Khatun of the Ilkhanate
- Tenure: 1256 – 8 February 1265
- Next: Buluqhan Khatun
- Died: 16 June 1265
- Consort: Hulagu Khan
- House: Keraites
- Father: Uyku
- Religion: Eastern Christianity

= Doquz Khatun =

Keraite princess and consort to Hulegu (died 1265)

Doquz Khatun (also spelled Dokuz Khatun) (died 1265) was a princess of the Keraites who was married to Hulagu Khan; her husband was the founder of the Ilkhanate and a grandson of Genghis Khan.

== Life ==
Doquz Khatun was possibly a granddaughter of the Keraite khan Toghrul, through his son Uyku or Abaqu. She was at first given to Genghis Khan and Börte's youngest son Tolui following the demise of her grandfather. After his death in 1232, she was wed to Hulagu, her step-son in levirate marriage. She was known to accompany Hulagu on campaigns. At the Siege of Baghdad (1258), the Mongols massacred tens of thousands of inhabitants, but through the influence of Doquz, the Christians were spared.

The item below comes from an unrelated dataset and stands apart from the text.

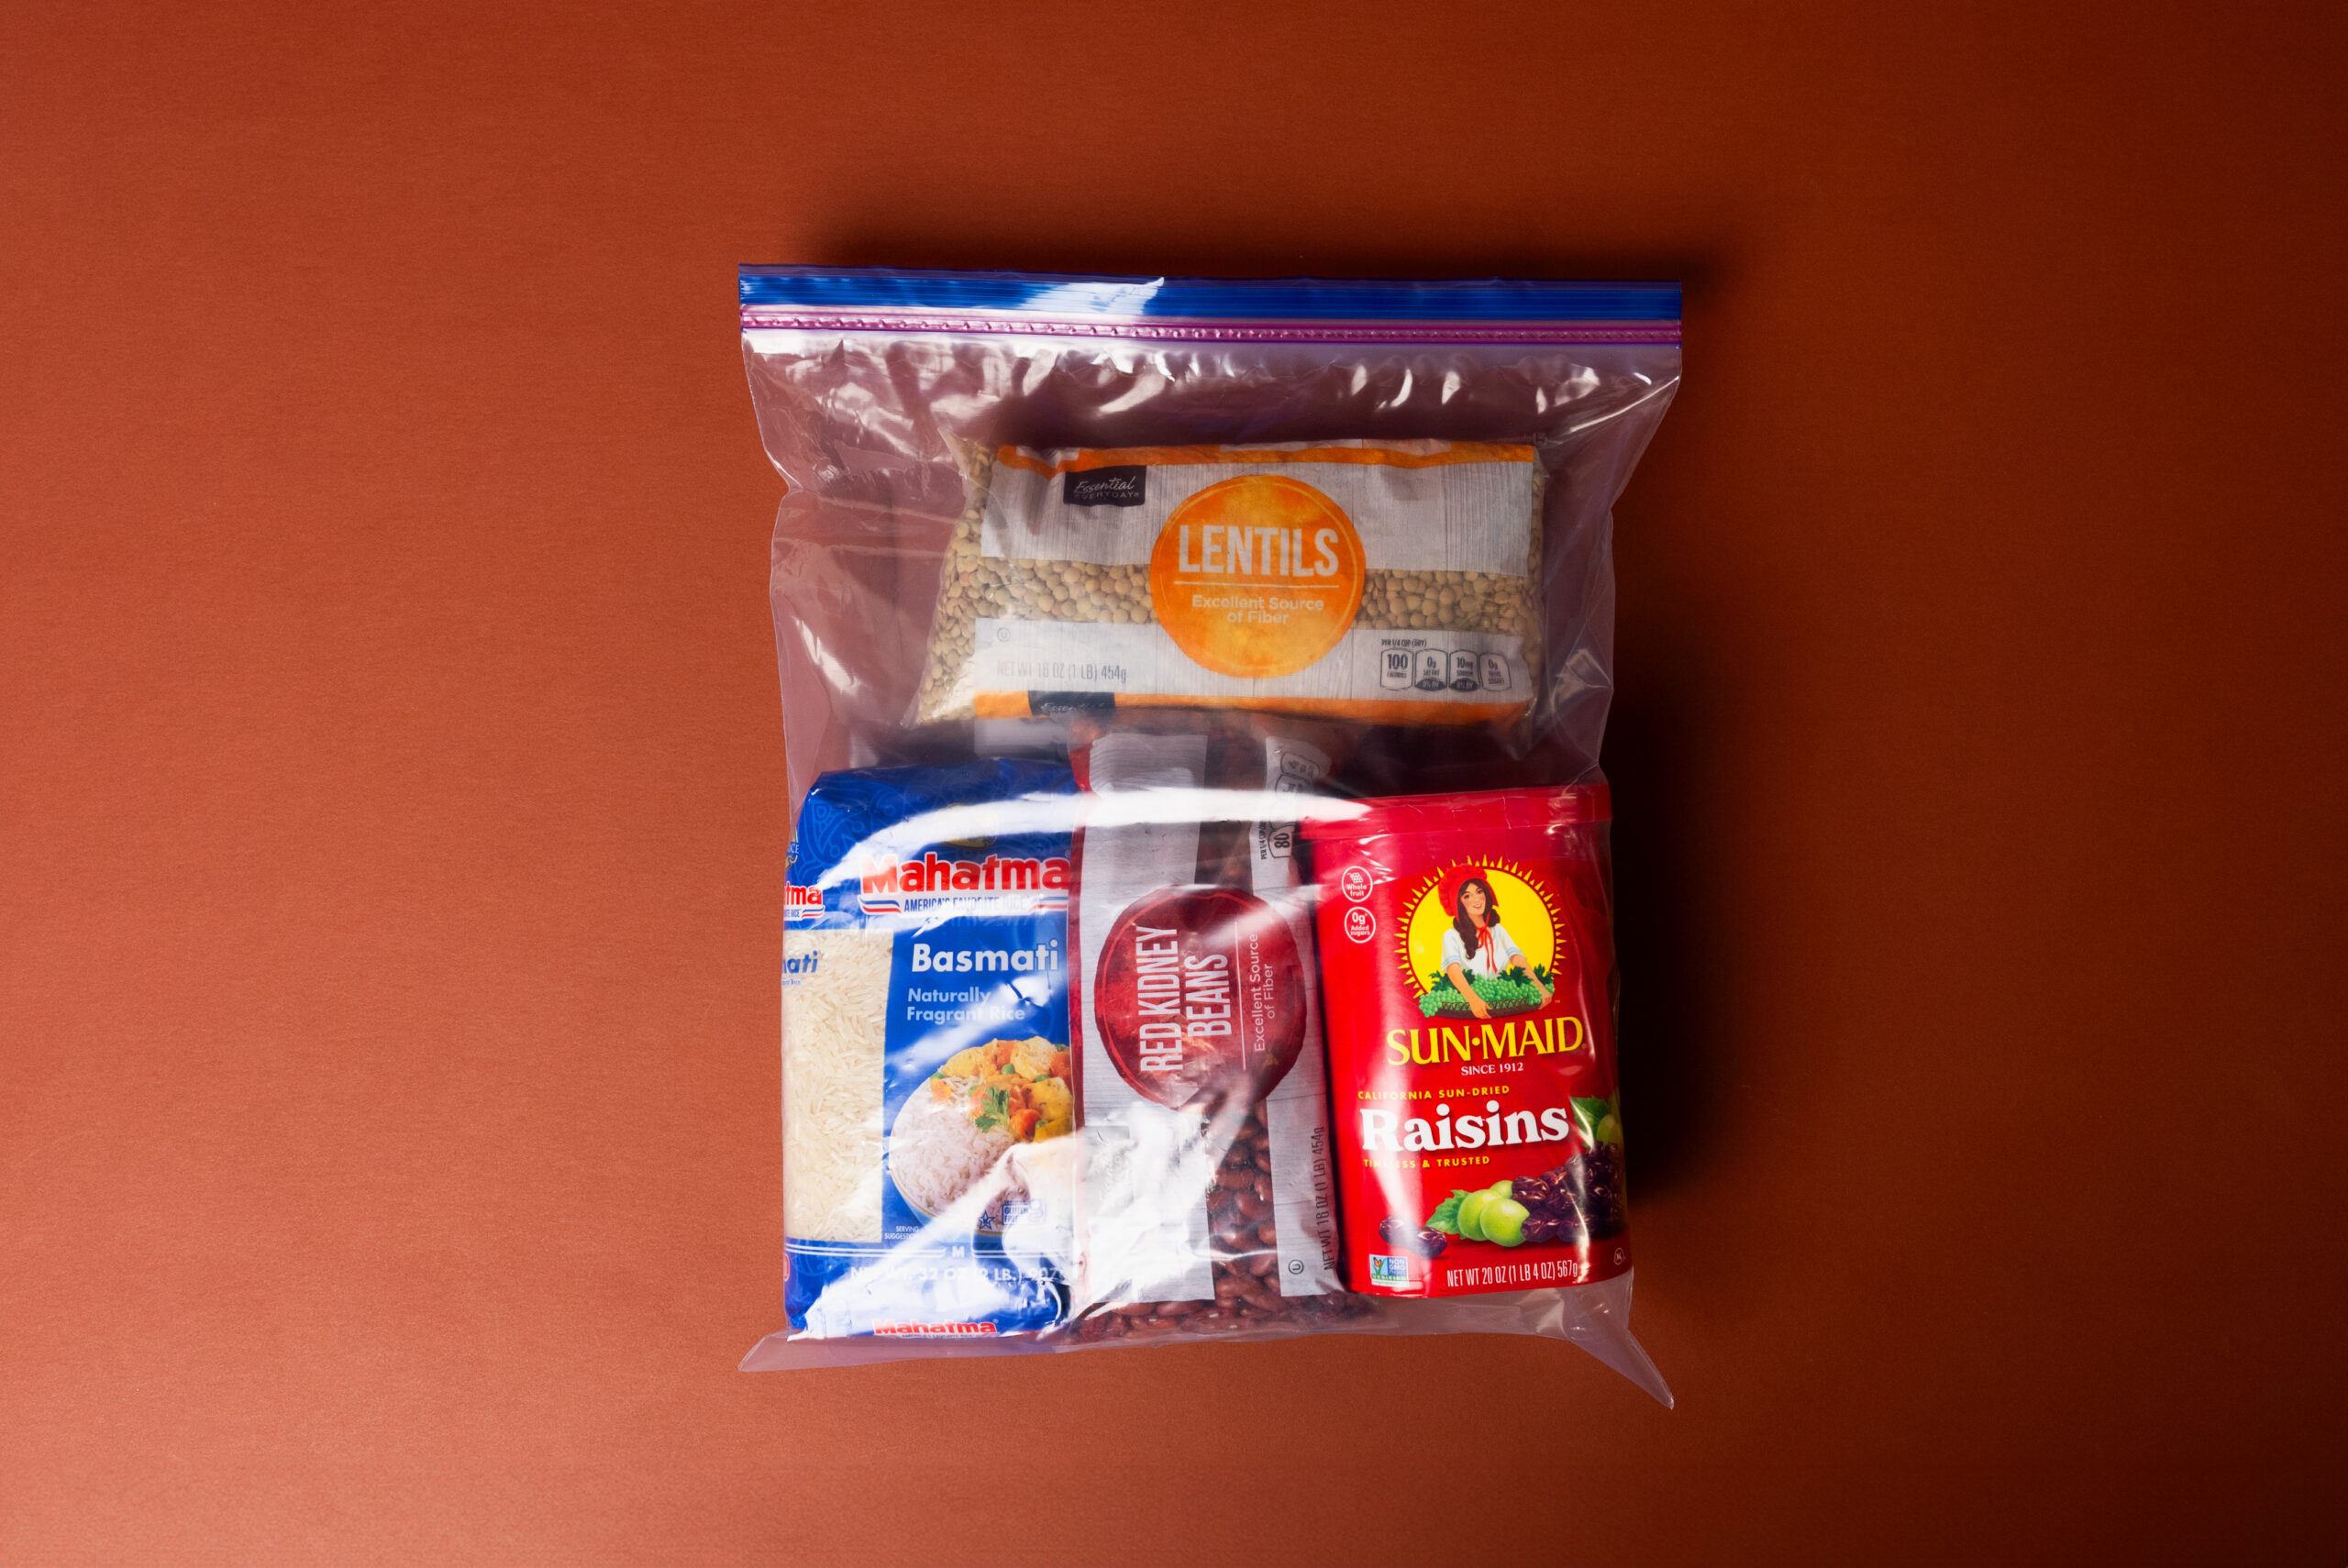 A Ziploc bag is filled with Afghan staple food items

Some sources indicate that Doquz Khatun was an Assyrian by origin, who adhered the Church of the East, and is often mentioned as a great benefactor of the Christian faith. When Mongol envoys were sent to Europe, they also tried to use Doquz's Christianity to their advantage, by claiming that Mongol princesses such as Doquz and her aunt Sorghaghtani Beki were daughters of the legendary Prester John.

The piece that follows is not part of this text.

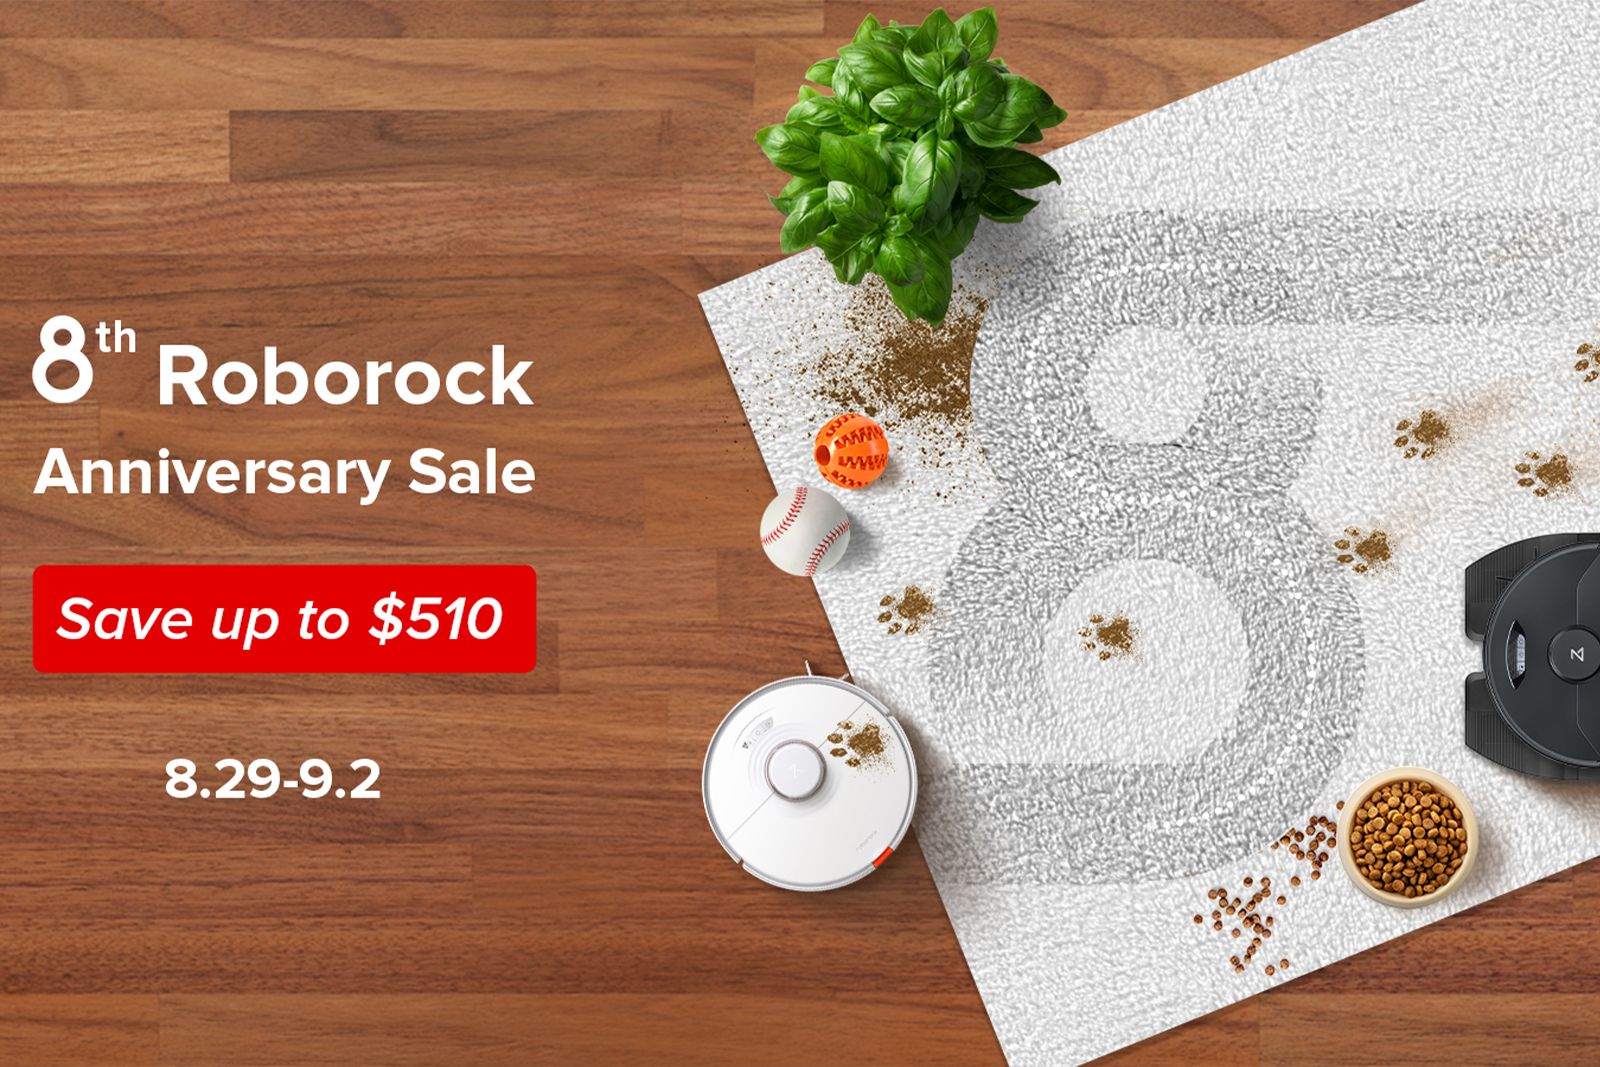 It’s Roborock’s 8th anniversary and it has some awesome deals on its robot vacuums photo 2

Doquz Khatun was a supporter of her step-son Abaqa and retained her influential position even after the death of her husband. She secured succession of Denha I to patriarchal throne of Church of the East in her capacity. She died on 16 June 1265, 4 months after her husband. Stepanos Orbelian later claimed that she was poisoned by Shams al-Din Juvayni.